Given the previous market cycle where an expected fourfold growth from the last ATH wasn’t met, it’s rushed to make assumptions on how much a valuation spike could protect miners from the halvings’ impact. The upcoming event will coincide with the first time the BTC inflation rate falls below 1%. Speculations and expectations are that the forthcoming market cycle will bring about the same positive results as the previous halvings. Still, it’s safe to say that being reticent regarding colossal price growth and investment fruition is understood. The halving could not favor miners if BTC doesn’t witness higher upward movements.
Notably, what miners can gain from the transactions in the form of fee revenue becomes more critical than ever, continuing to rise in significance as a core element deciding the faith of their business from an entrepreneurial perspective. Fee revenue shall increase, or the price must double every time a halving occurs so miners can stay afloat regarding their profits.
The new element in the equation
There’s a newcomer in the equation, and this is the ordinal. Ordinals are fresh incentives that weren’t present in previous halvings but have just broken into the market. Put simply, they can be perceived as scarce satoshis.

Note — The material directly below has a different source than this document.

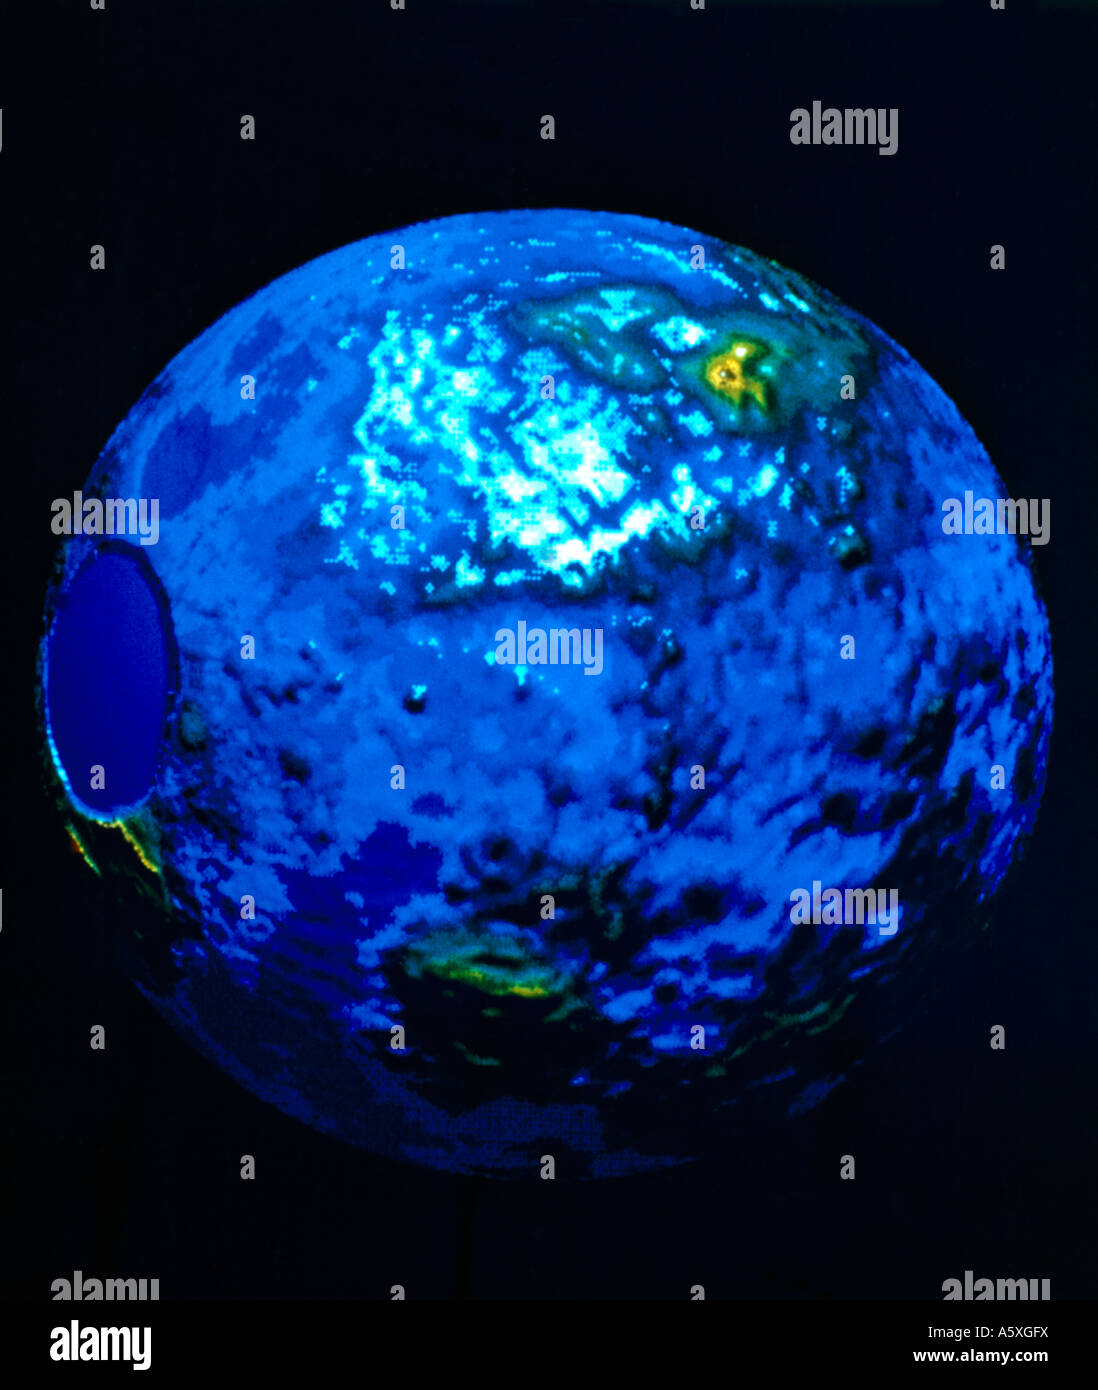 Falso colore della superficie di Venere preso da un altimetro radar sulla sonda Pioneer Venus Orbiter che mostra la regione vulcanica Beta, Ishtar Terra regio Foto Stock

The upcoming halving marks the first one to occur since a subcategory of BTC owners have embraced the new assets. The world has yet to witness the issuance of a basic sat simultaneously with already-formed material market demand regarding it, coming from a broad and matured ecosystem. The sat in question, interacting with its market demand, could end up seeing its price rise astonishingly high.
Drawing a line, the market demand and price swifts could trigger a battle between miners for a reorder of the blockchain as soon as the halving’s finished. Only at this singular time does the reward distributed for the network’s readjustment disregard the consensus rules. The point of debate could be represented by the denomination of the entity that can mine an entirely valid block, driven by the significance that collectors could assign to the specific coin base.
No guarantees exist to back up such theory or sustain that a reorganization will happen, but a highly appealing incentive for miners involved in such activities could exist.
Each halving ever witnessed has brought about different outcomes and rewards. This go around, however, is poised to be a lot more captivating than those previously experienced, so keep tabs on it!